Real Estate Law

Real Cases in Real Estate By Andrea Lee Negroni, Esq. – April 26th, 2013 Update

Real Cases in Real Estate is a weekly update on real estate law, with legal principles illustrated and explained by lawsuits from around the country. The topics are wide-ranging for appeal to a broad spectrum of readers including lawyers, homeowners, investors and the general public. Andrea Lee Negroni, a Washington DC attorney and legal writer with 25 years of experience in financial services and mortgage law, contributes the case summaries.

Followers of Real Cases in Real Estate will learn and be entertained by lawsuits involving nuisance, trespass, zoning violations, deed restrictions, title insurance, public utilities, mechanics liens, construction defects, adverse possession, foreclosure and eviction, divorce and marital property rights, tenants' rights, and more. Real Cases in Real Estate uncovers the unpredictable, amusing, and sometimes outrageous disputes between next-door neighbors, contractors and homeowners, condo boards and residents, real estate brokers and homebuyers, and zoning administrators and developers.

Each fully cited case summary highlights the essential law of the case and explains the principal legal theories and concepts relevant to the outcome. Plain language treatment makes Real Cases in Real Estate accessible to lawyers and laymen alike.

Whether you follow real estate law professionally or as a hobby, you'll find something new and useful every week in Real Cases in Real Estate.

Updates for the Week of April 26th, 2013

An Illinois Condo Association's Board of Directors Can Breach Its Fiduciary Duty to Unit Owners by Delaying Maintenance of Common Elements, but Is Not Liable for Infliction of Emotional Distress Without Extreme and Outrageous Conduct. Norma Duffy sued her condominium association, claiming the slab was settling which caused walls to fall. She notified the condo board that the foundation, slab, walls and ceiling of her unit were common elements, which the association had a duty to maintain. To accommodate repairs, she moved out of her unit. The association removed the carpeting, utilities, and cabinets but did not commence repairs. Duffy sued the board for breach of fiduciary duty and intentional or negligent infliction of emotional distress.

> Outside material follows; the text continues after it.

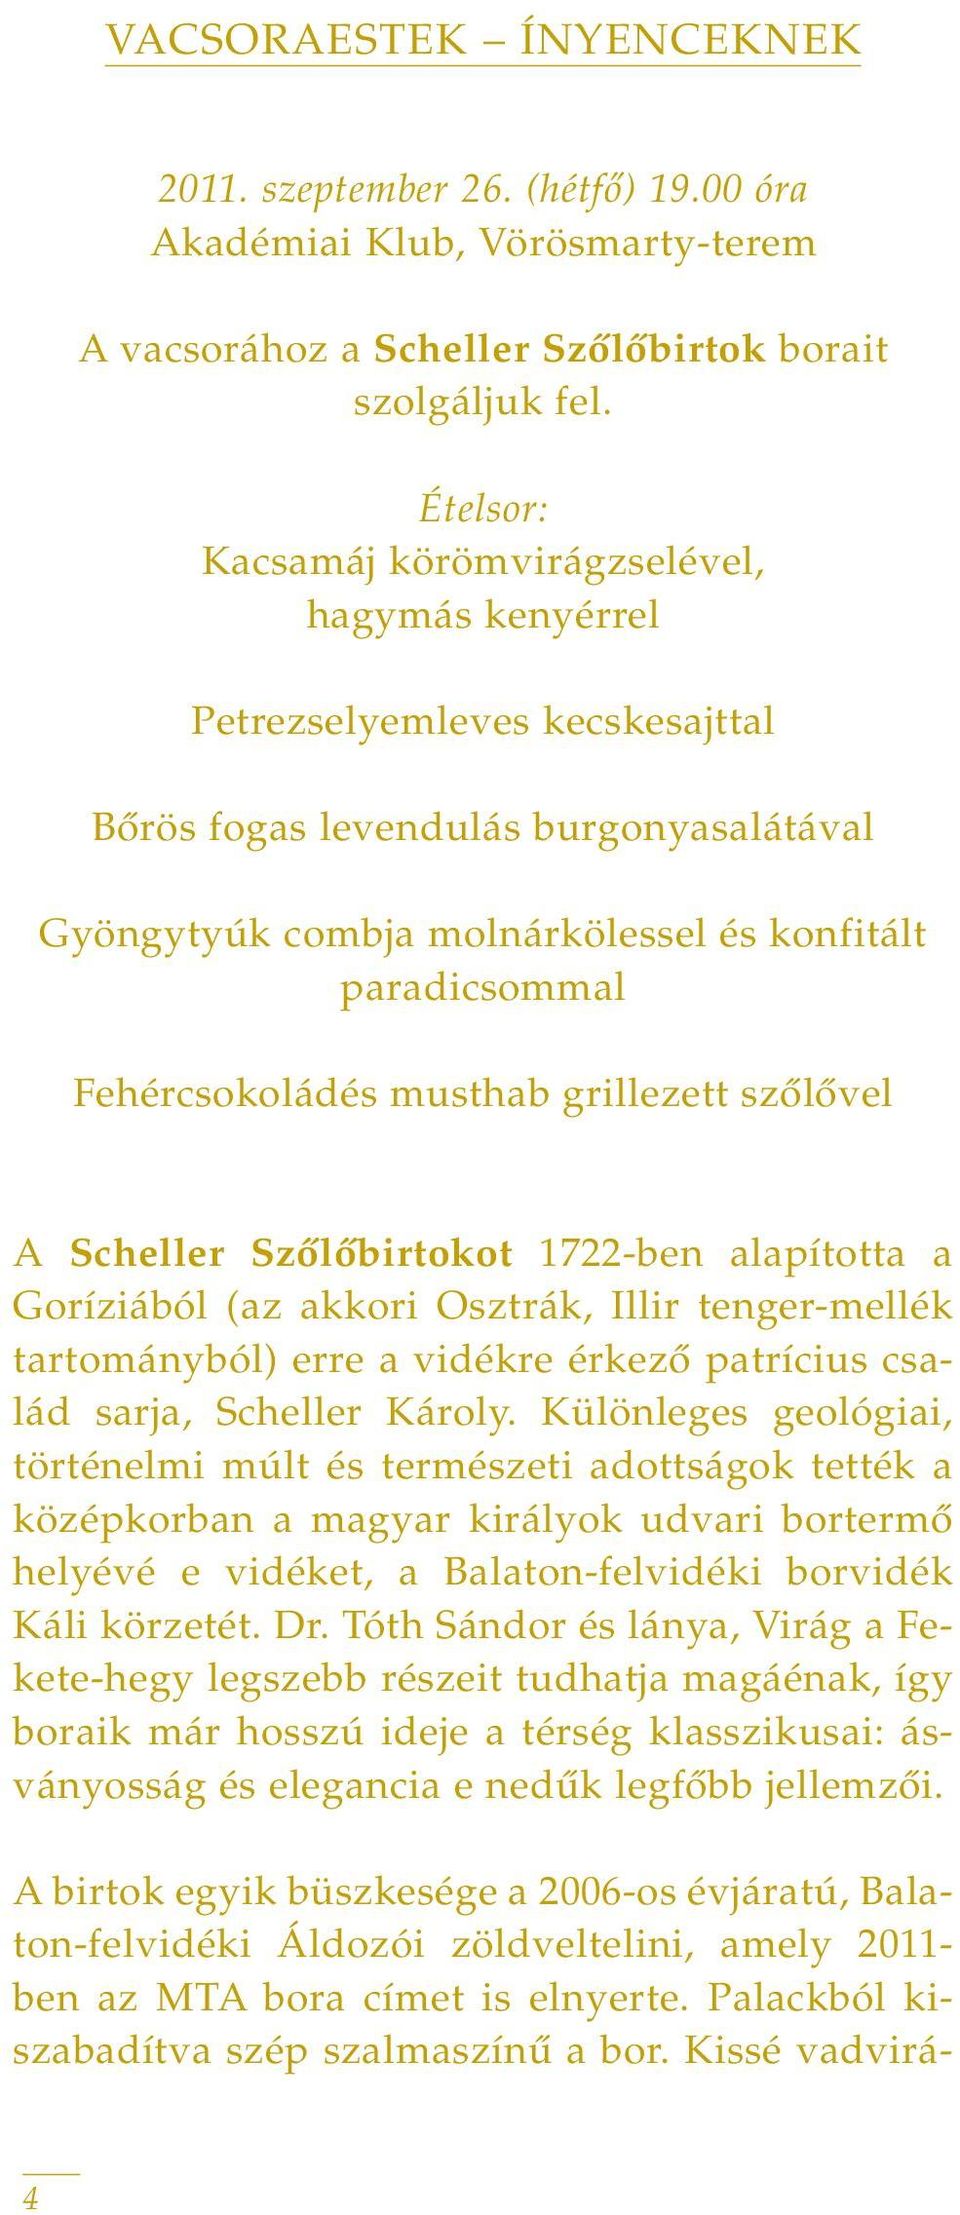 Fehércsokoládés musthab grillezett szôlôvel A Scheller Szôlôbirtokot 1722-ben alapította a Goríziából (az akkori Osztrák, Illir tenger-mellék tartományból) erre a vidékre érkezô patrícius család
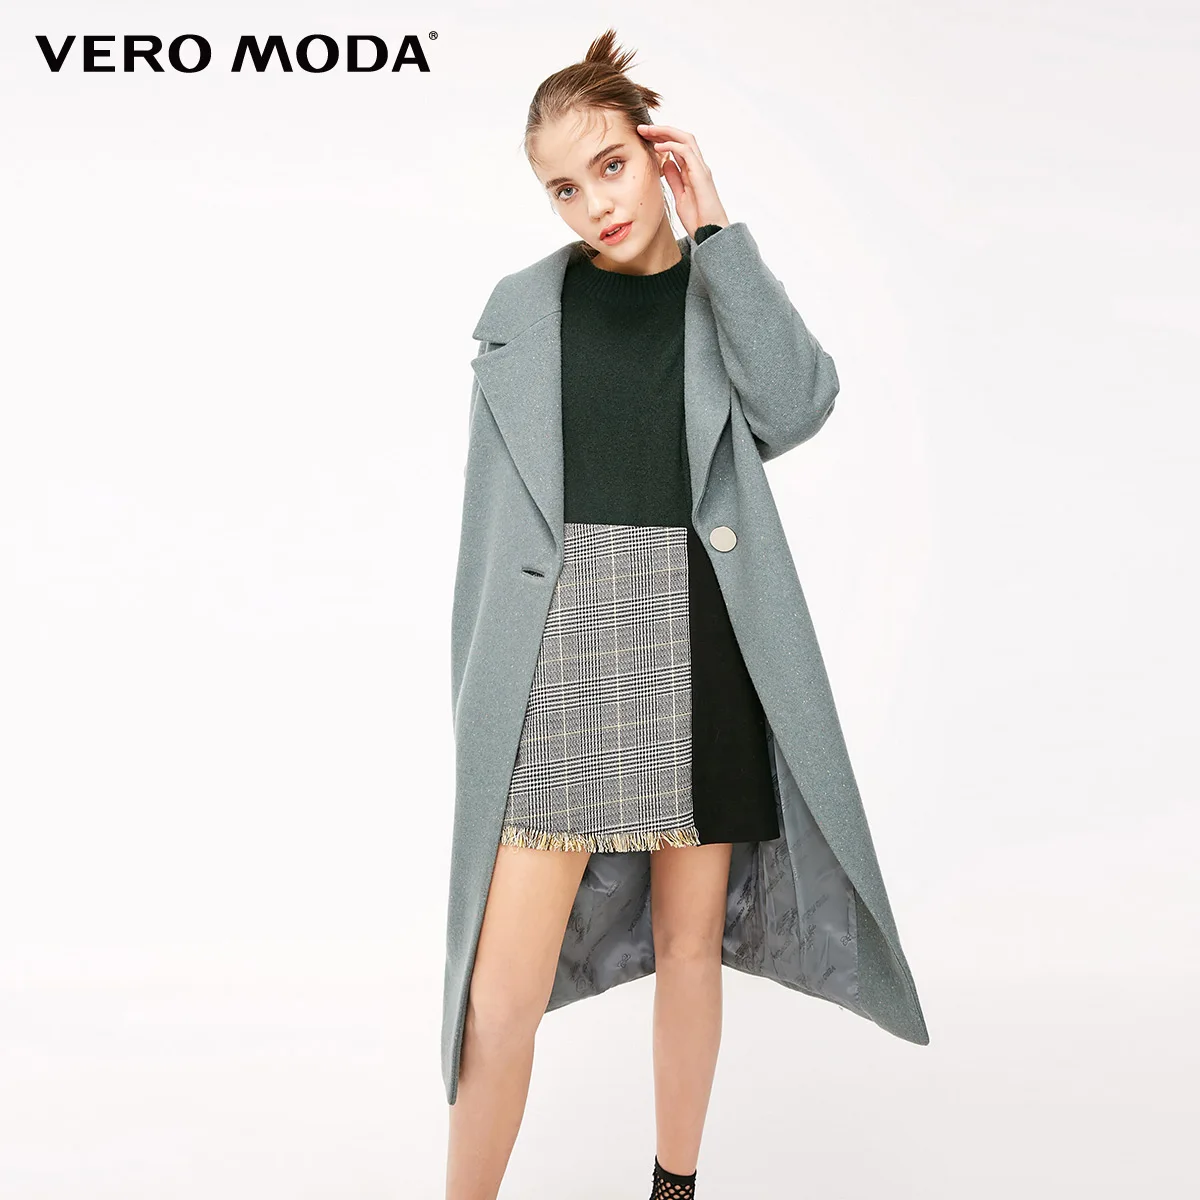 Vero Moda пальто женское Женское шерстяное пальто на пуговицах с отворотом и укороченным рукавом | 318327509 - Цвет: Balsam green mel.

The Illinois Condominium Property Act requires a condominium board to provide for the operation, care, upkeep and maintenance of the condominium's common elements. In performing these duties, the board must exercise the care required of a fiduciary. The Orlan Brook Condo board acknowledged this duty, but denied failing to exercise it. Duffy complained of delays, such as delayed bidding for repair work, restriction of the bid specifications to merely cosmetic items, the board's refusal to authorize common element repairs, and refusal to compensate her for relocation expenses. In addition to the Condominium Property Act, the declaration and bylaws of the Orlan Brook condominium required the association to provide and pay for maintenance and repair of common elements. The condo directors invoked the business judgment rule, which restricts courts from interfering with the business judgment of corporate directors absent evidence of bad faith, fraud, illegality or gross overreaching. However the court noted that when directors fail to exercise due care, they may not hide behind the business judgment rule. In response to Duffy's claim that the board held her condo "ransom" by failing to make required repairs, the court found she sufficiently pled damages for breach of the board's fiduciary duty. Moreover, the court noted that "breach of fiduciary duty is a form of constructive fraud."

Duffy failed on her intentional/negligent infliction of emotional distress claims, however, because the board's conduct was not extreme and outrageous enough. "Extreme and outrageous behavior requires conduct that goes beyond all possible bounds of decency, such that a reasonable person would hear the facts and be compelled to feelings of resentment and outrage." Conduct that is merely inconvenient, aggravating or annoying to another person is not beyond all possible bounds of decency or intolerable. "The law intervenes only where the distress inflicted is so severe that no reasonable man could be expected to endure it." This issue might have been decided differently if Duffy had demonstrated that she was particularly susceptible to emotional distress because of physical or mental impairment.

Duffy V. Orlan Brook Condominium Owners' Association, Appellate Court Of Illinois, First District, Sixth Division, 2012 IL App (1st) 113577; 981 N.E.2d 1069; 2012 Ill. App. LEXIS 972; 367 Ill. Dec. 341 [enhanced version available to subscribers].